STUDY MATERIAL:
• • • • •

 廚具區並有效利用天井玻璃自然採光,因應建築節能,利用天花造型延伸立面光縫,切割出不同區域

• • • • •

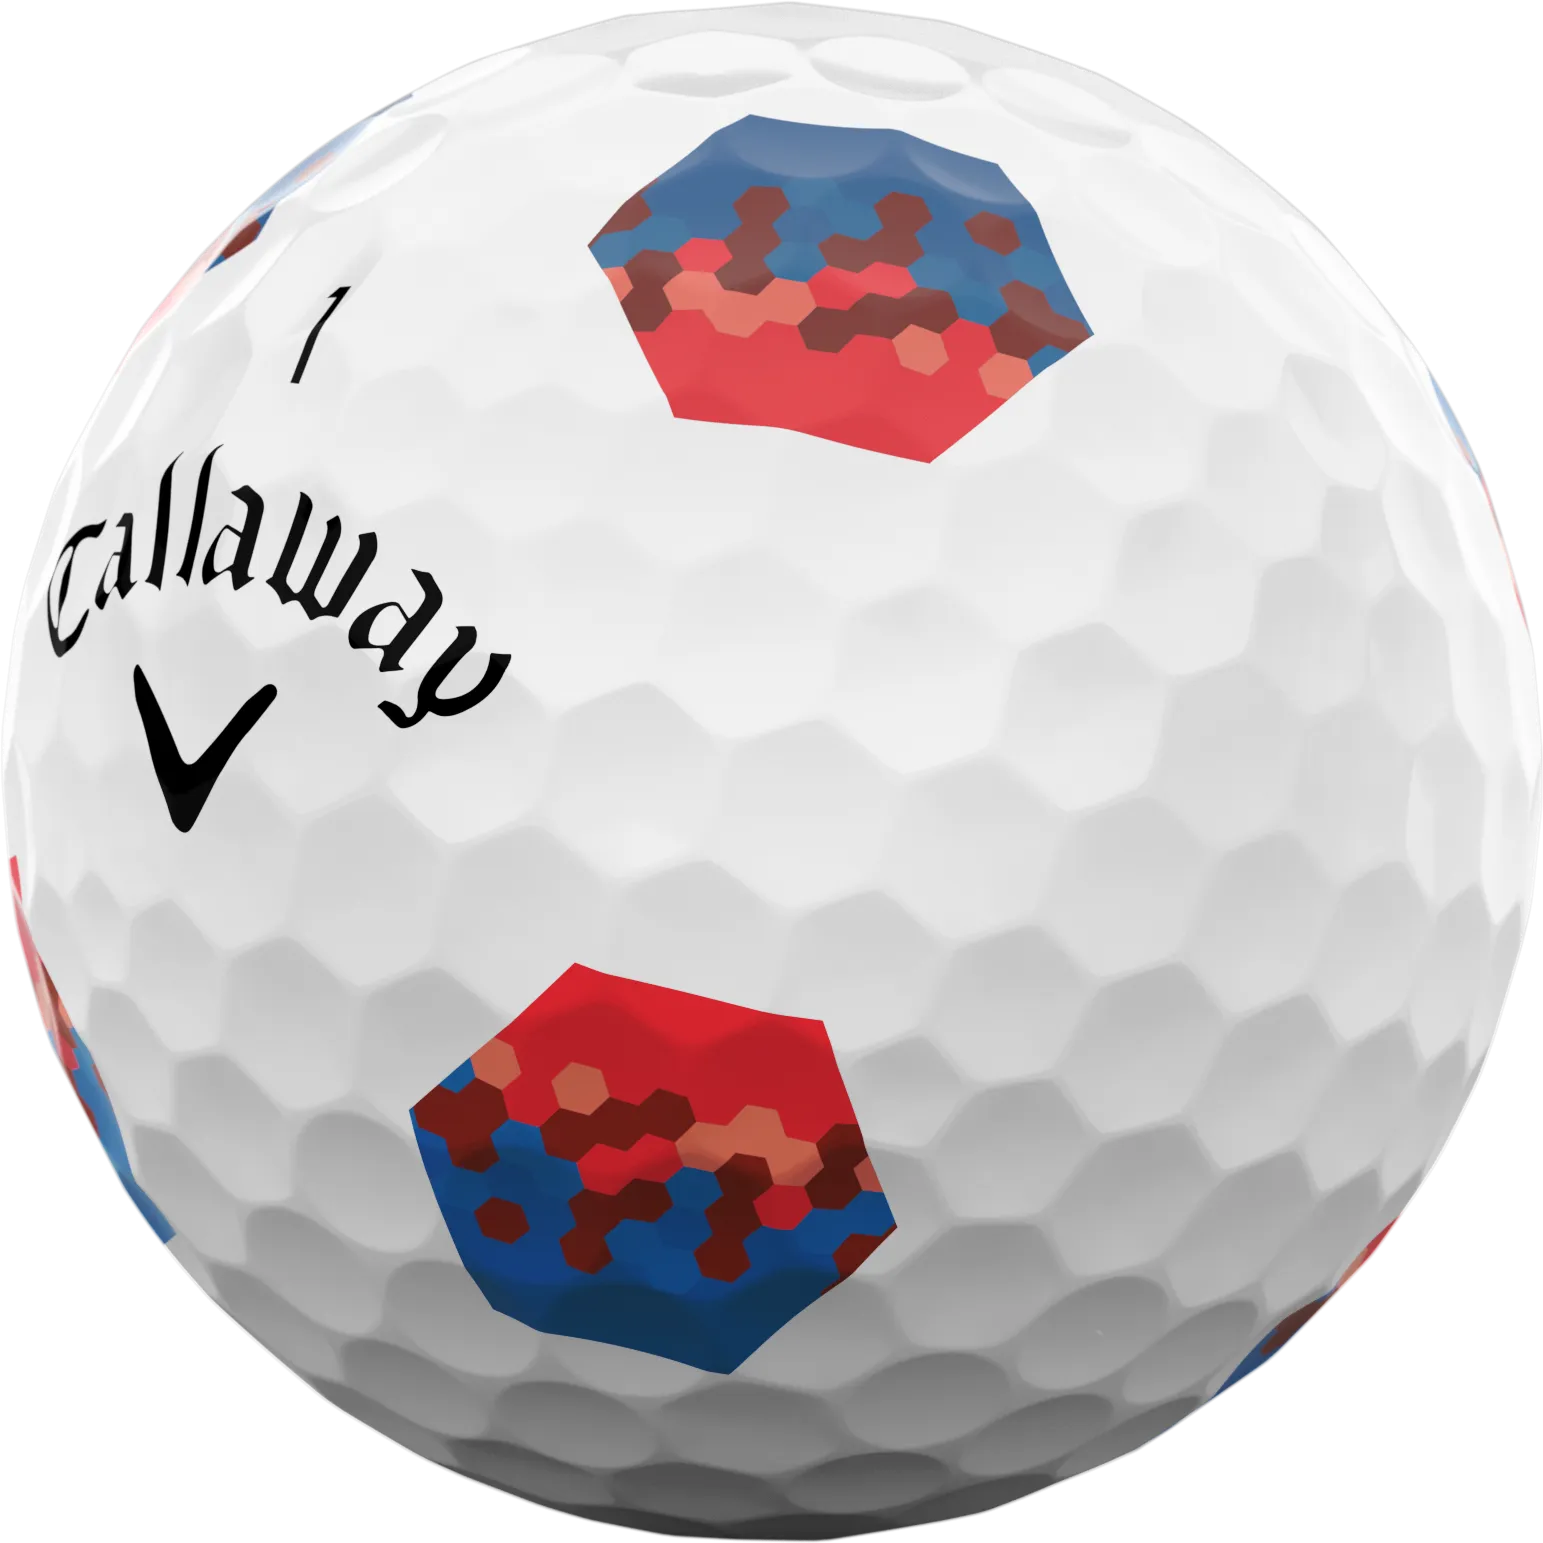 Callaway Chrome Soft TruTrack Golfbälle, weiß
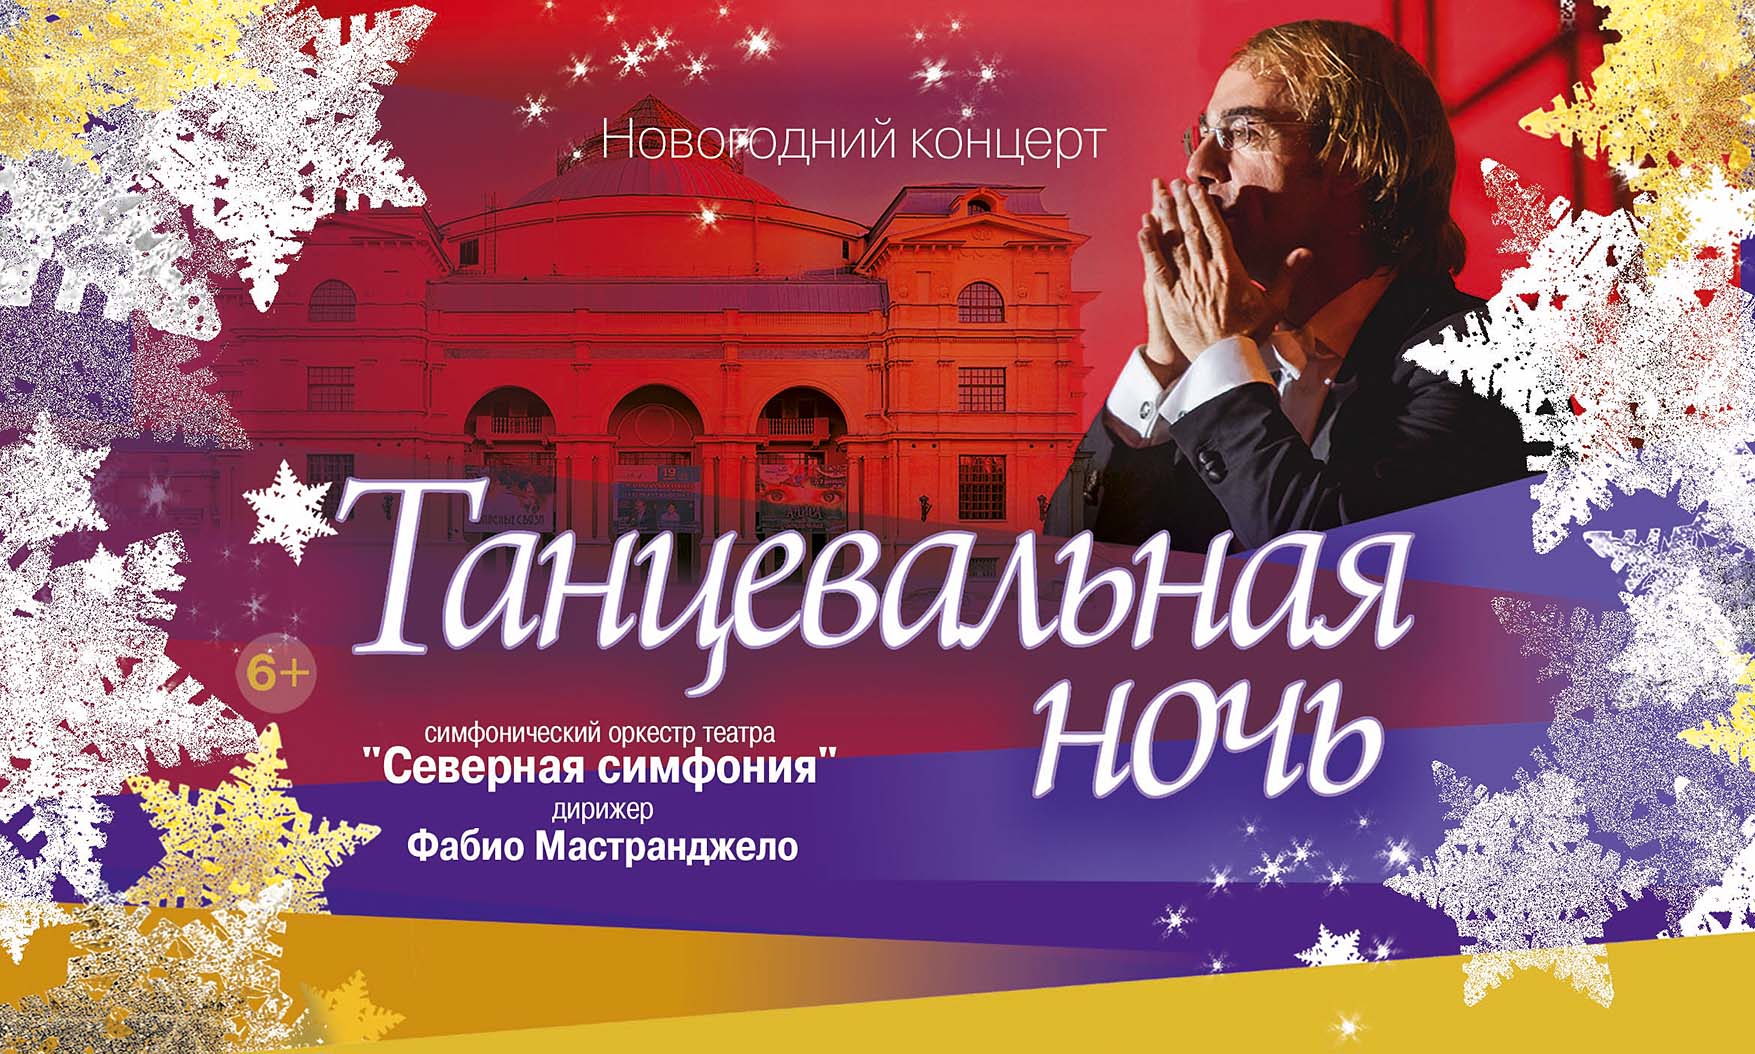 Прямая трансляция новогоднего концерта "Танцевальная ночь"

• • • • •

TASK INSTRUCTIONS: From the records above, write out exactly the lines that begin at the line with "Callaway Chrome Soft" and end at the line with "Прямая трансляция новогоднего". Pictures must not appear in the output.

WRITTEN SOLUTION:
 Callaway Chrome Soft TruTrack Golfbälle, weiß
 Прямая трансляция новогоднего концерта "Танцевальная ночь"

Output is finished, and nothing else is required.